Only through intensive collaboration between all disciplines in the care process can patients receive the right care at the right time. To ensure that everyone works in the right direction, you need to have a clear understanding of the purpose of the process and the collaboration. In other words: you want to have a clear idea of what the added value is for your patients. You make this added value visible, so that you can see at a glance whether the right things are happening and/or whether there are deviations. For example, you could start by checking whether the care has been delivered on time, patients are discharged at the right time, all necessary actions have been performed and/ how the patients have experienced the care.
Discuss how your team has performed on a daily basis, so you can compliment people and adjust if things have gone wrong. But most of all, to be able to learn together. Adjustments are always made in the direction of your ideal, True North: added value (the right care) for each patient, at minimum effort and cost.
By thinking about how things are going every day – or even more so with every patient – you avoid losing (read: forgetting) the facts about your achievements and problems. In this way, people also account for their own performance and contribution to the team in a safe and process-oriented way.
A well-known example of such a daily accountability is a huddle. A huddle is a short, stand-up meeting, often at a whiteboard on which the performances, actions and agreements are made visible (see figure for a possible design of such a “daily improvement board”). The team discusses the achievements and problems with the aim to involve all team members, to get them thinking, to learn and to come to improvement actions.
One of the tasks of your system is to detect, analyze, solve and prevent any deviation from your (healthcare) standards (the desired situation) in the future. To do this, install a possibility on the work floor to directly call for help, a so-called andon2. Think, for example, of a traffic light, so that your colleagues and/or your team leader know that something is going on and how urgent it is, so that they can come to help as quickly as necessary. Problems that the team cannot solve, you take to the next level, if necessary all the way up to the CEO.
Who is responsible for the management system?
Who is going to take care of this? That all elements of your management system for self-management are present in all your teams and that they are connected to each other. This is a task of the management (within an organization with multiple teams). Also at Buurtzorg. What makes that they have succeeded and many others haven’t? Because Buurtzorg is self-managing from the start; including the founders. So they didn’t have to change “anything”. Their most important task is to monitor and nurture the culture and the system within which self-management can take place.

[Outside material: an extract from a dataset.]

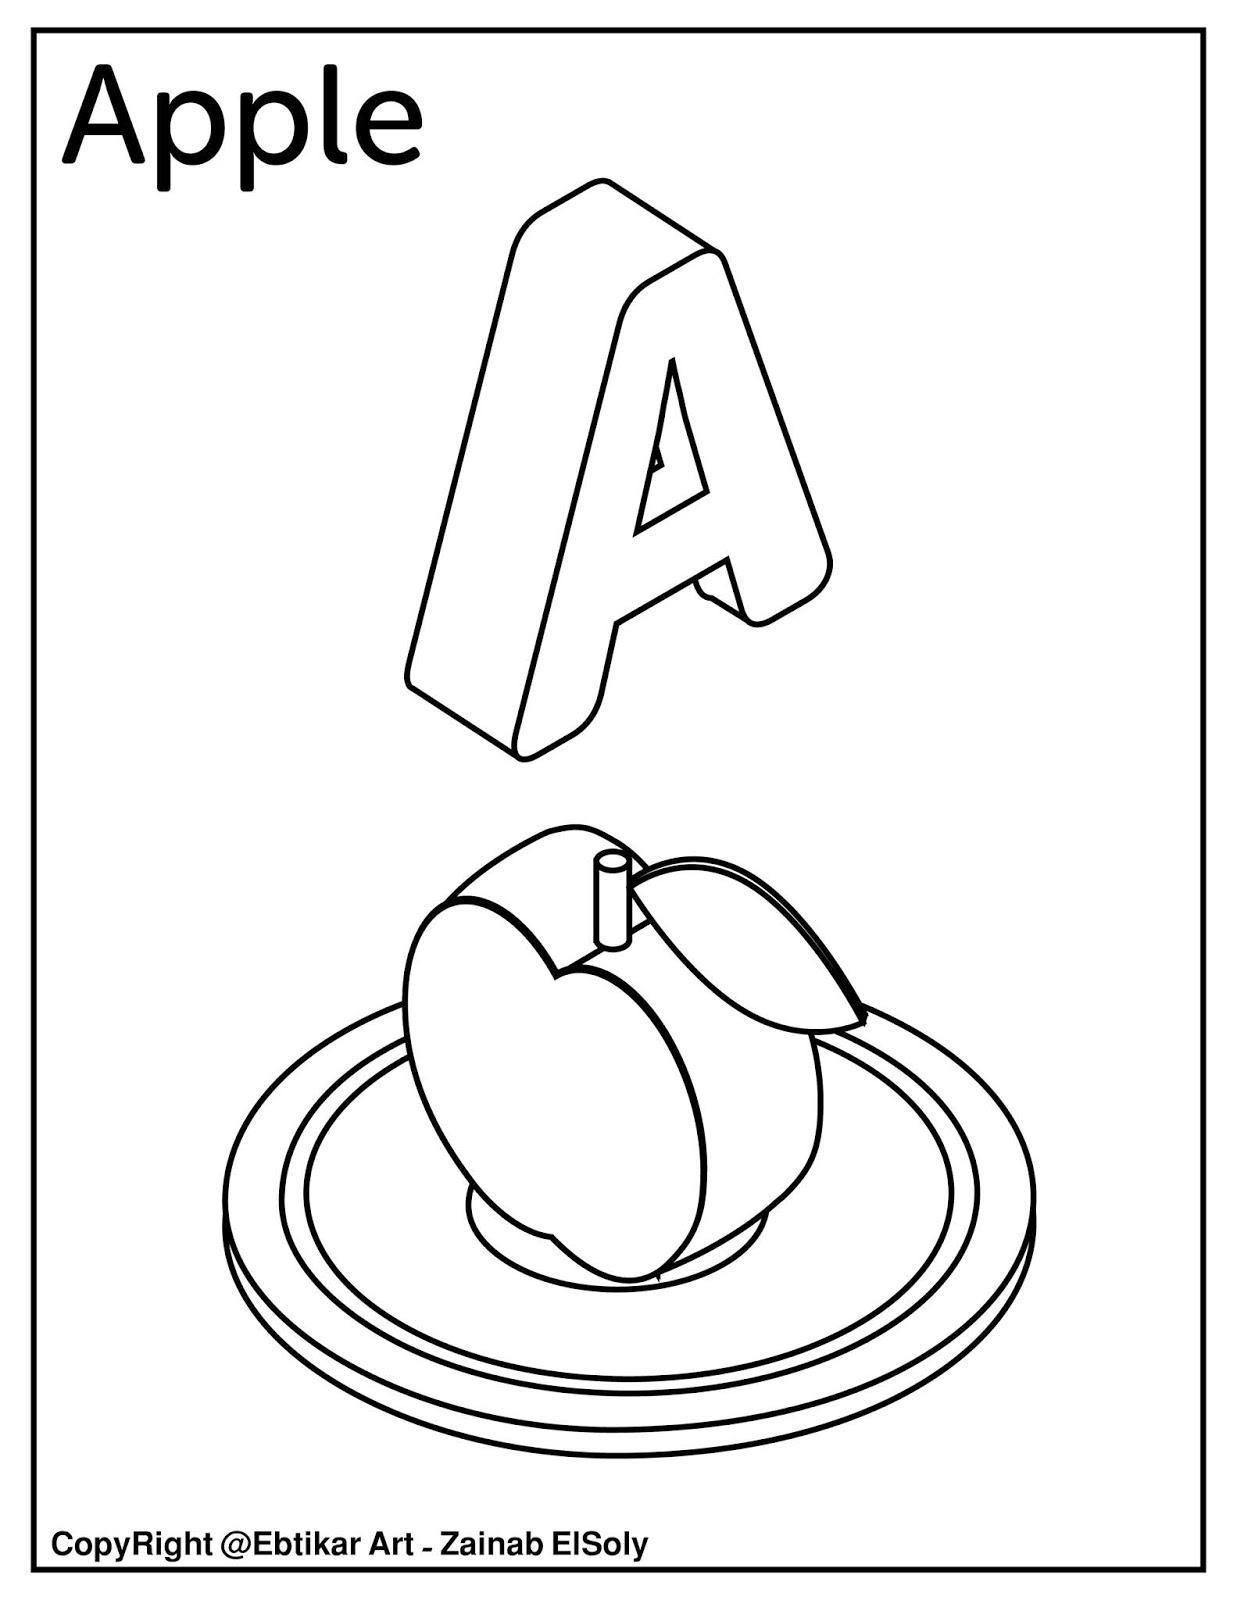 Tranh tô màu chữ cái A apple đẹp

Existing organizations, with a culture in which managers are the decision makers, find it very difficult to evolve towards self-management, because they, the leaders, forget that this requires a culture and system change. They are often inclined – under the guise of “self-management” – to delegate responsibility for implementation. Beware of this! Before you know it, you have appointed an (extra) “manager”.

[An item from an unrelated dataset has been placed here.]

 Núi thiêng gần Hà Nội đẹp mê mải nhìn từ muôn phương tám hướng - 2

A culture change starts with changing your own mindset and your own behavior, as a leader. I see in many organizations that this step is skipped. My most important advice if you are considering self-management:
Self-development and not self-management, is the first step!
[1] A. Orelio, Lean Thinking in Healthcare, 2023, Chapter 8.
[2] Andon is a system, developed at Toyota, that is intended to give employees the opportunity to call for help with a quality or process problem, by means of a visual signal. Everyone at Toyota is authorized (actually obliged) to use the andon and thus slow down or stop the production line!